Posted on 3 October 2024

When it comes to estate planning, drafting a will is a crucial step in ensuring that after your death your assets are distributed in accordance with your wishes. However, having written a will it is important to ensure the document is kept safe. This is due to a legal principle known as the presumption of revocation. 

Presumption of revocation 

The presumption of revocation arises when an original will cannot be found after the death of the testator (the person who made the will). English law presumes that if a will, last known to be in the possession of the testator, cannot be located, the testator destroyed it with the intention of revoking it. This presumption was discussed in a decision of the Jersey Royal Court last month. 

If a will is lost or cannot be found, and there is no evidence to the contrary, the courts will generally assume that the testator intended to revoke it.
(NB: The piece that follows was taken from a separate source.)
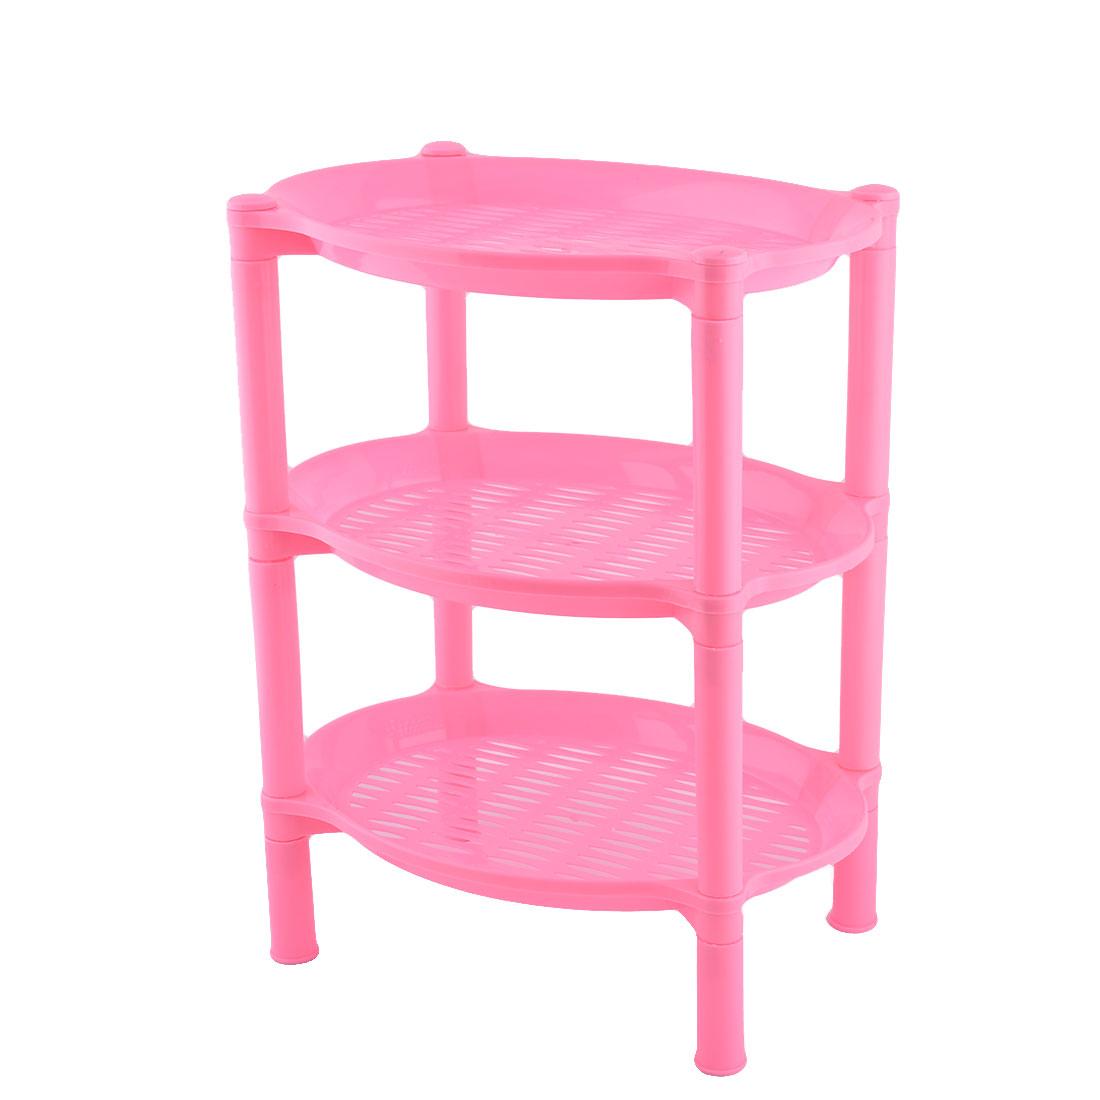 Household Bathroom Plastic Mini 3 Layer Shelf Storage Rack Organizer Pink

This can lead to the estate being distributed according to the rules of intestacy, which may not reflect the deceased's wishes and could give rise to unexpected tax liabilities for the estate. 

Avoiding the presumption of revocation  

To avoid the presumption of revocation, it is crucial that you keep your will in a safe place.  
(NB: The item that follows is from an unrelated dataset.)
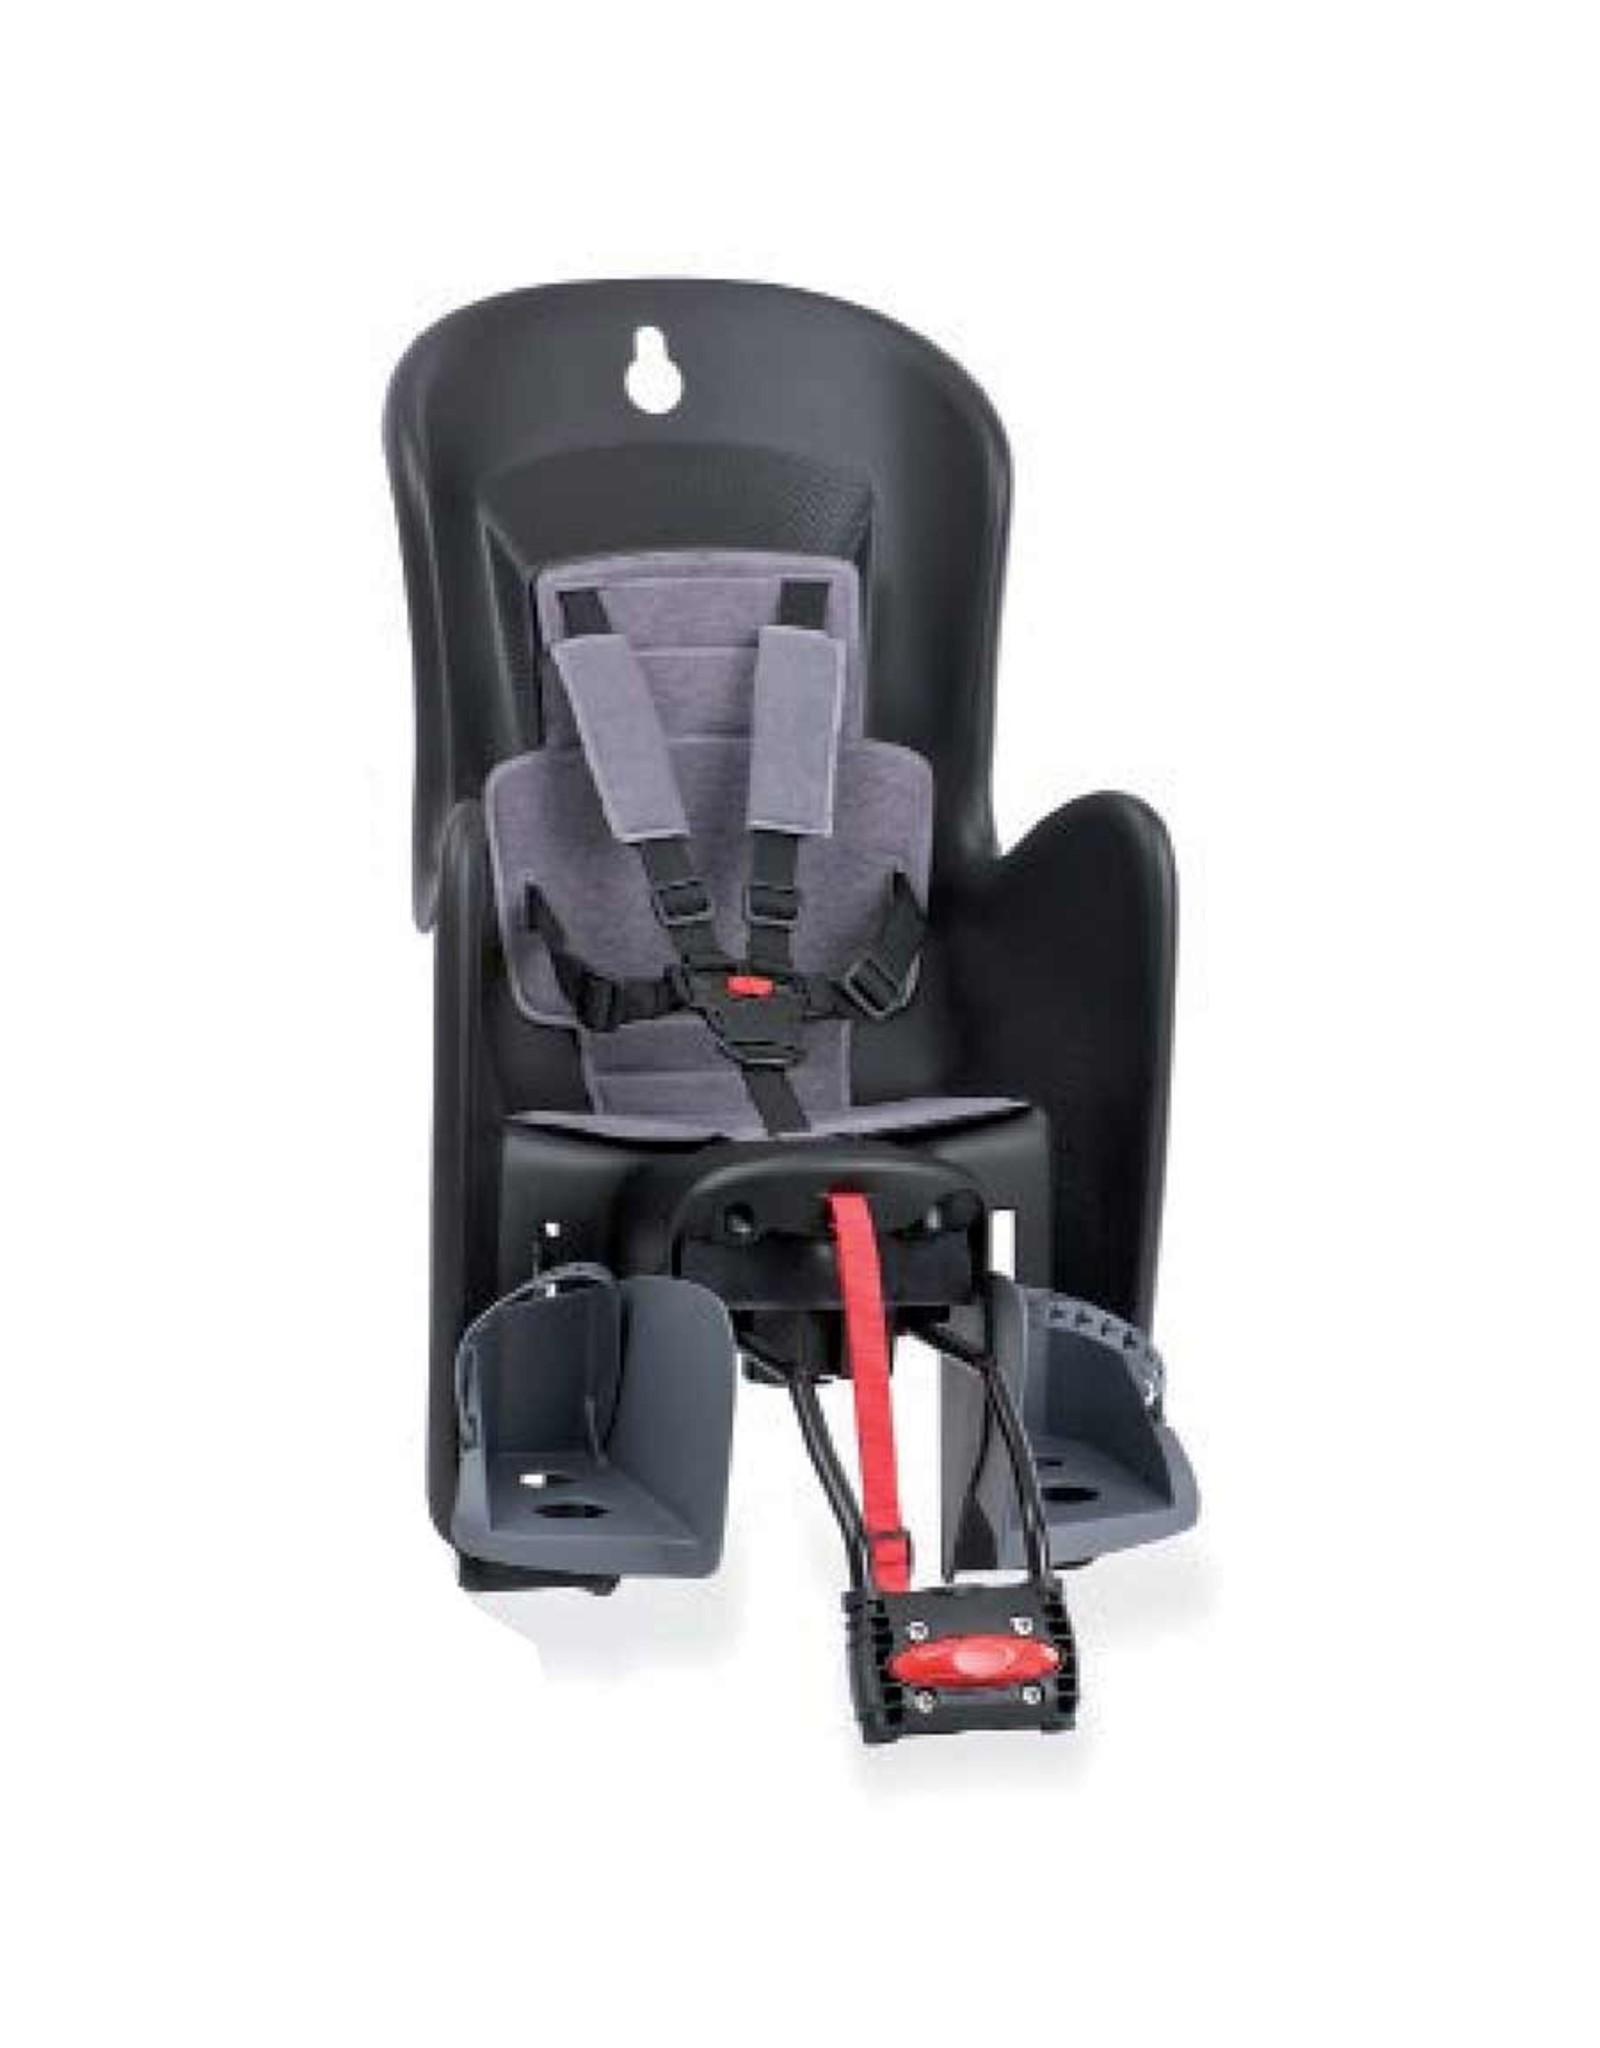 Polisport Polisport, Bilby RS, Baby seat, Black/Grey

There are several other reasons why we recommend clients keep their will somewhere secure: 

  1. Storing a will securely ensures that it can easily be found after the testator's death. 
  2. Keeping the will in a secure location ensures it is protected from accidental loss, damage, or destruction. 
  3. A securely stored will is less likely to be tampered with. 

What happens if the presumption applies 

If a will that was in the testator's possession cannot be found after the testator's death, the onus will be on those who assert that the will was not revoked to provide evidence that it was not. 
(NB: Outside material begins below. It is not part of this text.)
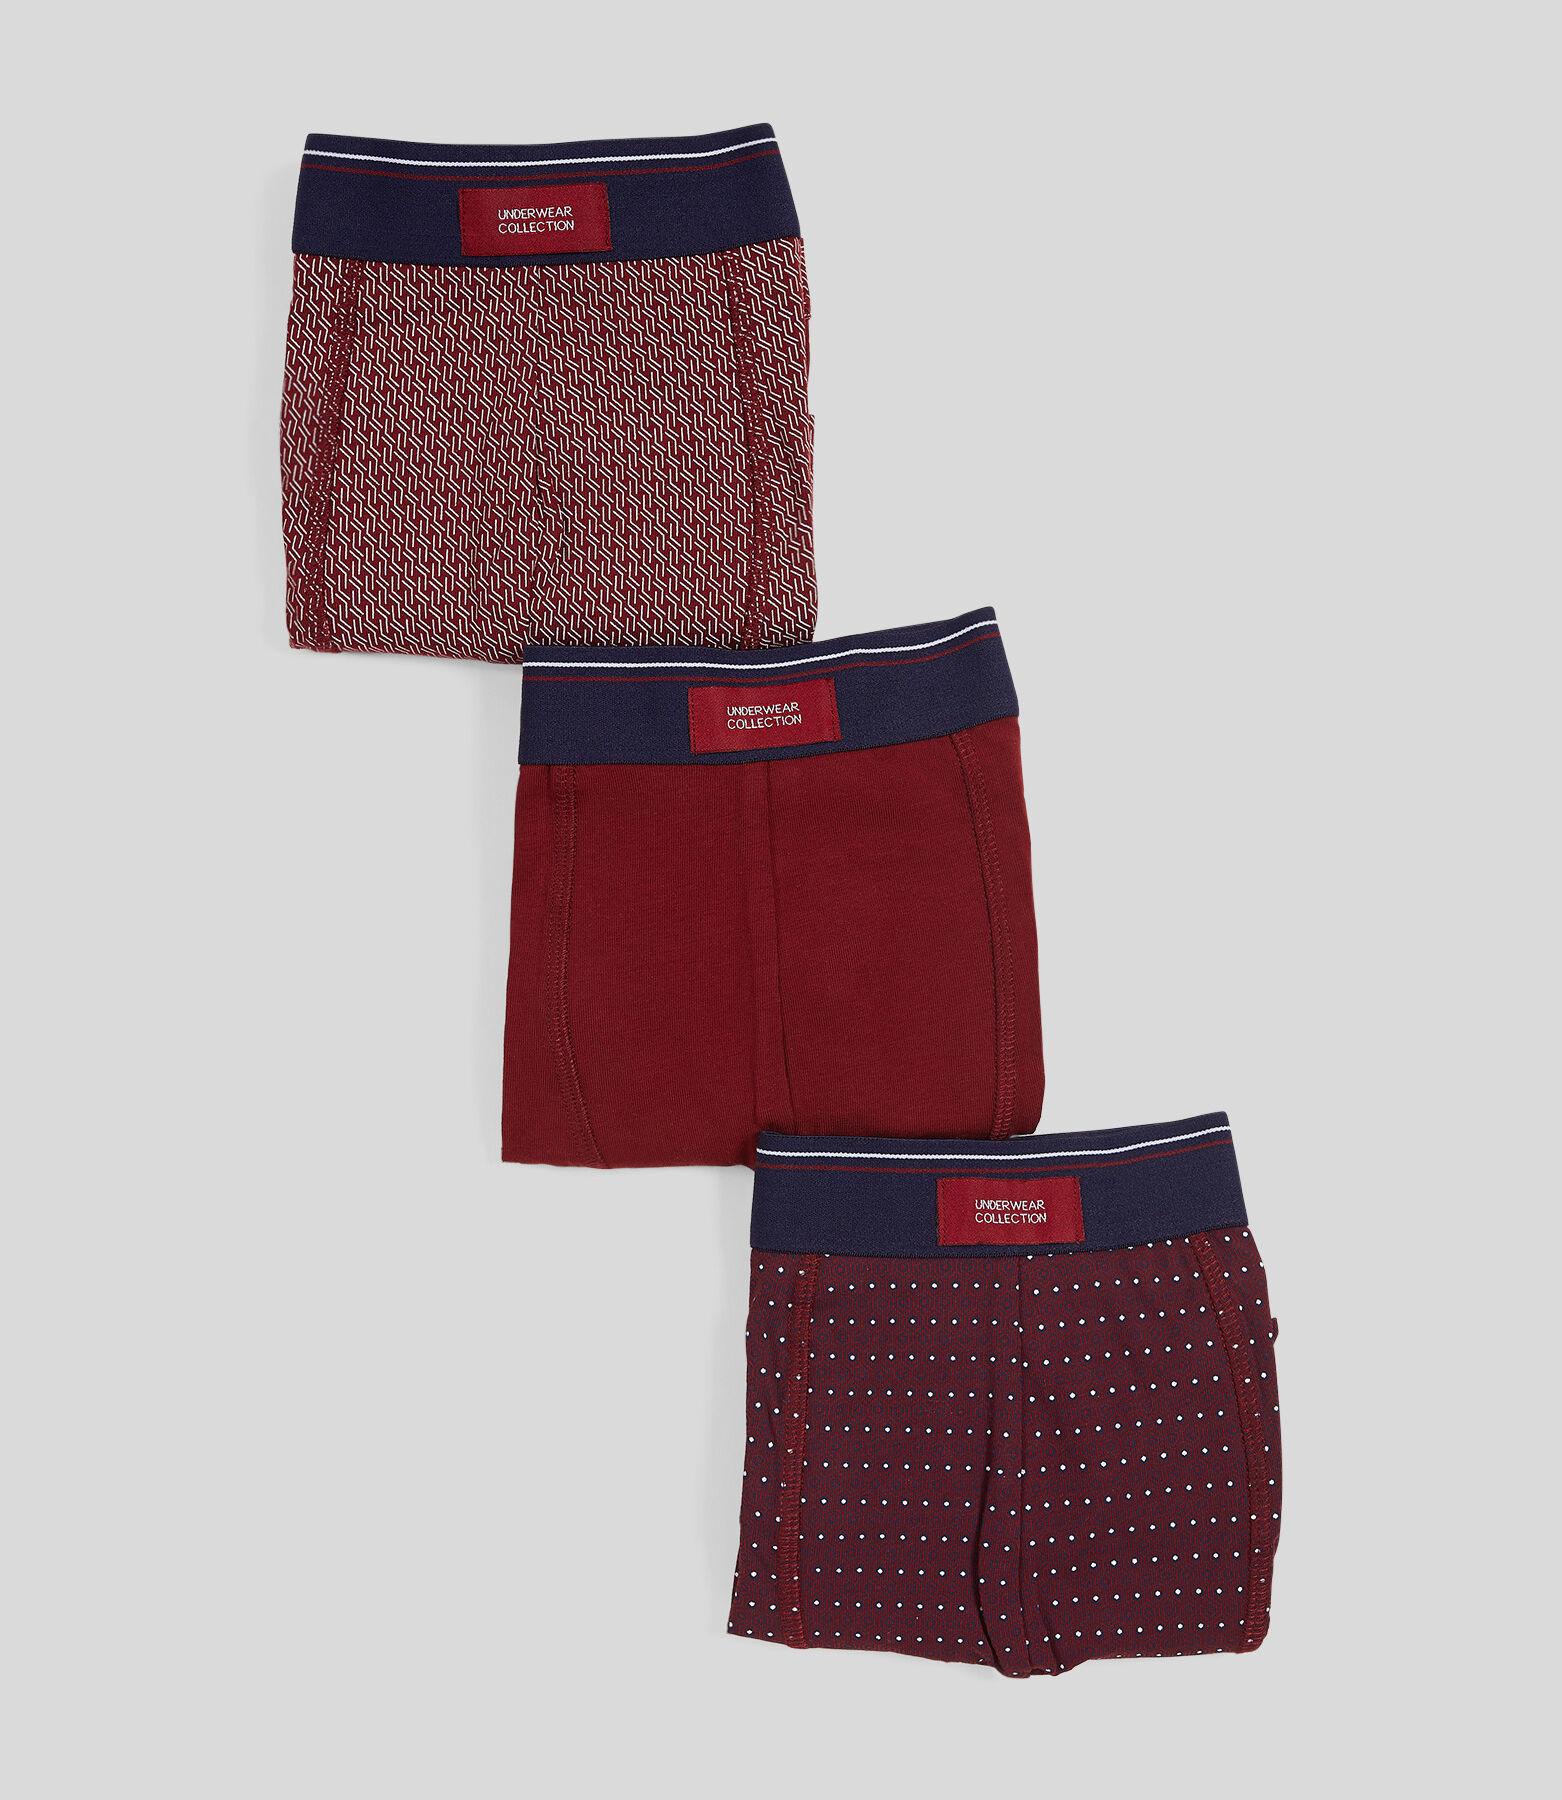 Set van 3 boxers

Evidence will need to be produced to the court to rebut the presumption of revocation. Such cases often hinge on the specific facts presented, such as the last known location of the will, the testator's expressed intentions, and any changes in circumstances that might suggest a reason for the will's disappearance.  

In the Hartopp case the Royal Court were persuaded on the evidence that the presumption of revocation was rebutted and admitted a copy of the testator's will to probate. 

However, the outcome of any legal dispute over a missing will can be highly unpredictable. This unpredictability underscores the importance of keeping a will in a secure location to avoid such disputes altogether.  

Any dispute over a missing will incurs legal costs and delay in obtaining Probate and administering the estate. These are costs that could easily have been avoided if the will had been stored securely.  

Safe storage facilities 

Many solicitors offer safekeeping services for the wills they draft. 

Another secure option for the storage of wills in England & Wales is the Probate Service's will storage facility. However, this service is rarely used as it is little known about.  

Conclusion 

There is no legal requirement in England and Wales to store a will in any particular way. We recommend clients discuss all available storage options with us to determine the best choice for their individual circumstances.  

At Mishcon we provide our clients with a secure offsite storage facility in which to store their will.  The facility is free of charge and ensures the content of their will remains confidential and protected from theft, loss, or damage.   

Whichever storage option a client decides to use, we encourage them to inform their executors or close family members of their will's location. 

By taking such precautions, testators can help prevent the presumption of revocation and ensure that their estate is administered according to their wishes.